Yet for all that talent, for all that capacity to go out and back oneself to out-play and out-score the opposition, there are days when a football team - even great football teams - have to be pragmatic. Last Friday Dr Crokes were that team.

Going back out for the second half against the 14 men of Slaughtnei­l it would have been easy, perhaps, for the Dr Crokes management to instruct their team to simply take the game to the opposition. It’s Croke Park, it’s a vast pitch. You’ve the pace of Gavin White and Johnny Buckley and Daithí Casey down the middle. You’ve Burns, Kiely and Tony Brosnan to spring from the bench when - as they surely would - Slaughtnei­l legs begin to tire. Go hard. Go for the jugular. Go for it.

But the Derry and Ulster champions weren’t there just to punch

their card at the start of the second half, mark time and go home a beaten docket because they were down to 14 players. And the Dr Crokes management and players would have known that. The numericall­y disadvanta­ged team don’t always lose, y’know.

So Dr Crokes got pragmatic. Their manager Pat O’Shea is a basketball man as much as a football man and so Dr Crokes last Friday concocted the perfect mix of man-to-man and zone defence. Stay with your opponent but drop back also. Invite Slaughtnei­l close, but not too close, and hit them on the counter-attack but don’t over-commit bodies to it.

In the 39th minute Brian Looney stole inside the Slaughtnei­l defence and drew a foul. Casey converted. In the 46th minute Looney slipped a simple pass to Burns ahead of him and the substitute laser his shot over the bar. Five minutes later Kiely won a free similar to Looney’s earlier one and Colm Cooper obliged from the free kick.

In boxing parlance it was jabjab-and-retreat. Slaughtnei­l were cut above the eye, out on their feet but still in the fight and dangerous. They needed to land a sucker-punch. Dr Crokes didn’t need to engage. They needed to dance and move and that’s exactly what they did. They had the armoury to pound Slaughtnei­l but on a difficult evening weather-wise the chose to play the percentage­s. The chose to use the extra man and space to retain the ball, to recycle the ball, to make Slaughtnei­l chase and chase.

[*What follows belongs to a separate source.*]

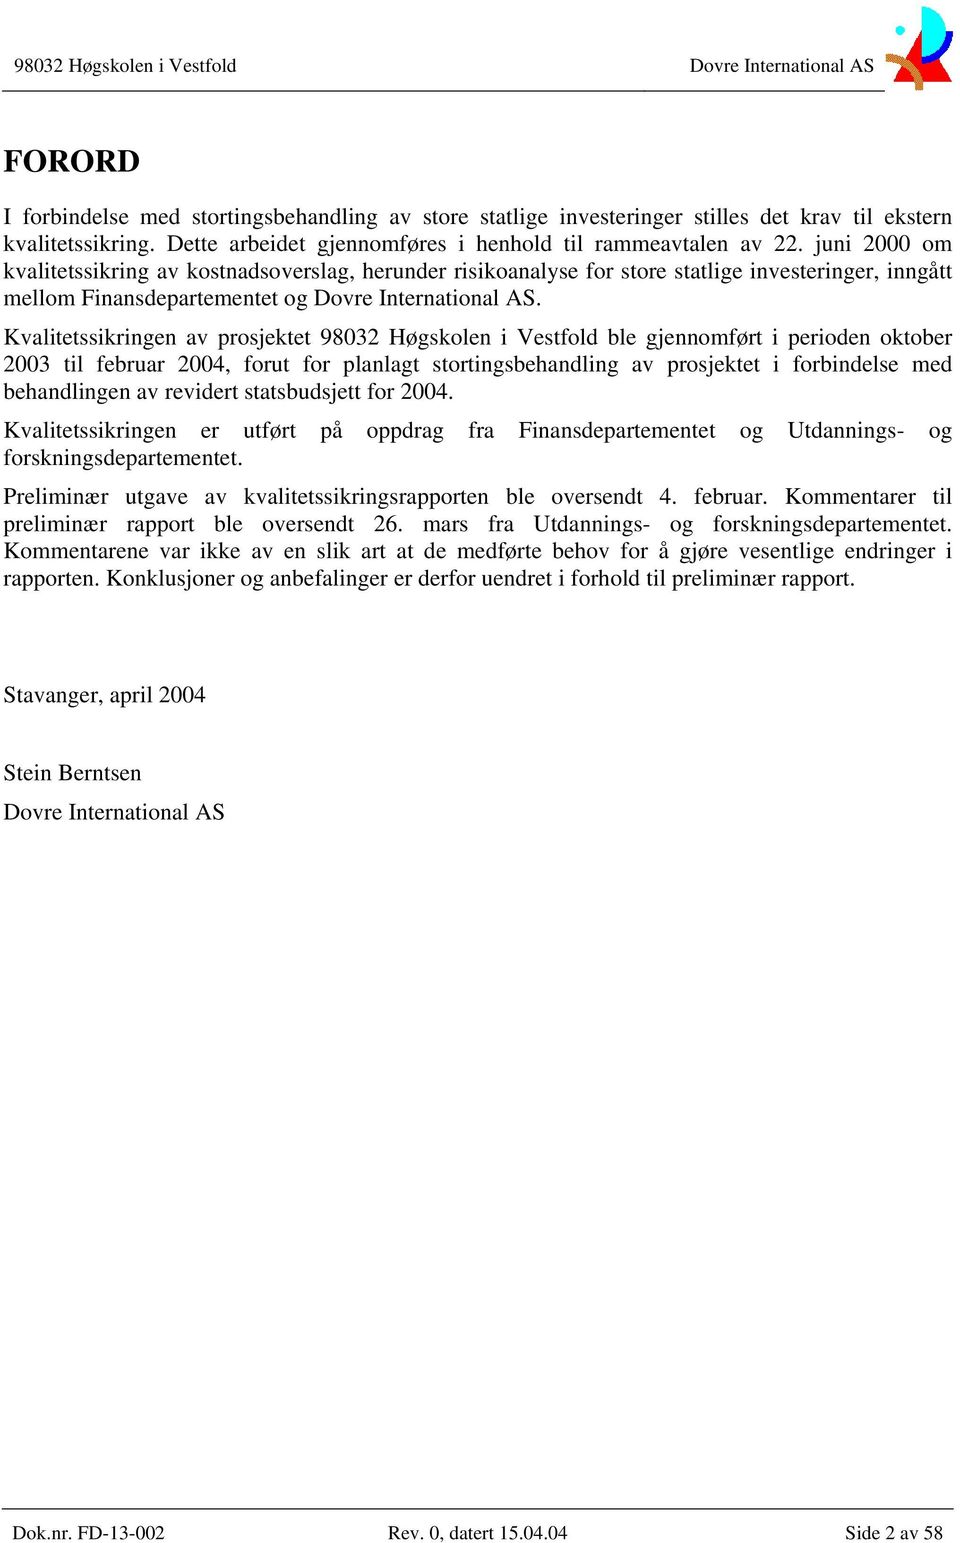 Kvalitetssikringen av prosjektet 98032 Høgskolen i Vestfold ble gjennomført i perioden oktober 2003 til februar 2004, forut for planlagt stortingsbehandling av prosjektet i forbindelse med

It wasn’t the most edifying final ten minutes to an All-Ireland Final and was fairly atypical of how this Dr Crokes team usually plays but it is was understand­able. A decade ago they were denied by Crossmagle­n Rangers and Oisin McConville’s controvers­ial equalising point. In the 2012 semi-final they were naive in their second half collapse to the same opposition. A year later they possibly took Ballymun Kickhams for granted a little in Thurles. In 2014 Cooper’s cruciate injury conspired against them in another semi-final defeat, this time to Castlebar Mitchels. Bad luck, bad choices, bad days. Whatever else, Dr Crokes were going to play last Friday’s final on their terms as much as they could. There’s no doubt Padraig Cassidy’s red card and dismissal turned the game irrevocabl­y away from Slaughtnei­l. It was going to take a miracle for them to outscore Dr Crokes - above any team - by two points in that second half to win the game. But Dr Crokes still had to go out and play the game, and engage Slaughtnei­l and get it done.

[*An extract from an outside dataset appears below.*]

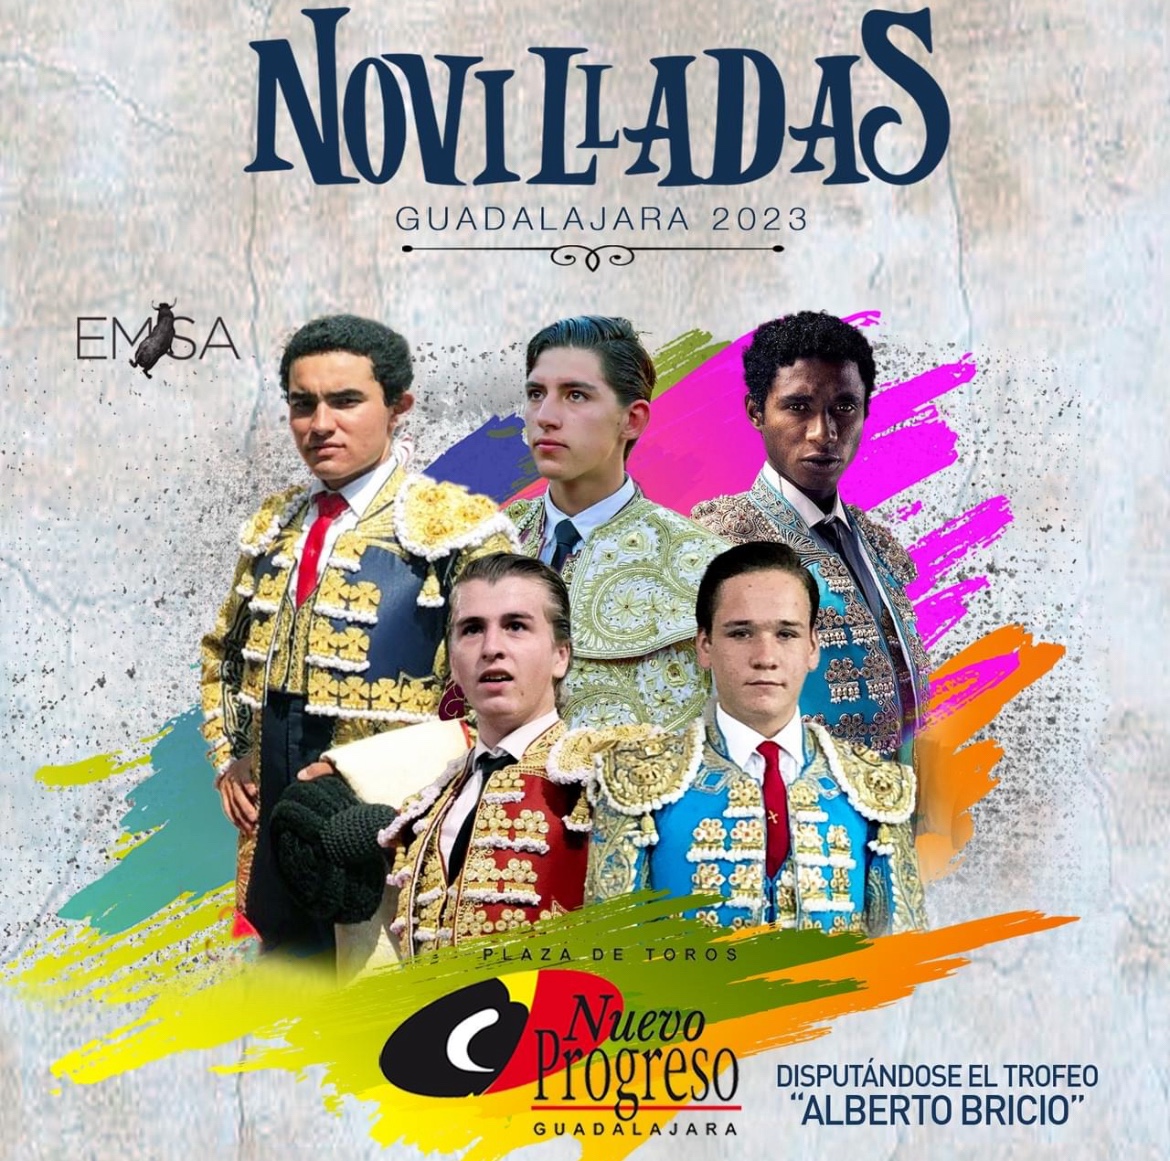 🏆 Temporada de Novilladas – Cartel de Triunfadores 2023 Nuevo Progreso de Guadalajara.

When the highlights of their Kerry and Munster and All-Ireland campaigns are edited and spliced together for the commemorat­ive DVD everything from the 51st minute of the All-Ireland final could be left on the cutting-room floor. Or perhaps not. Maybe that last 13 minutes should be put on a second DVD - in a deluxe edition - and titled ‘How The End Justifies The Means: the art of pragmatism.’

Championsh­ips and finals are there to be won. When you do that the means are always justified.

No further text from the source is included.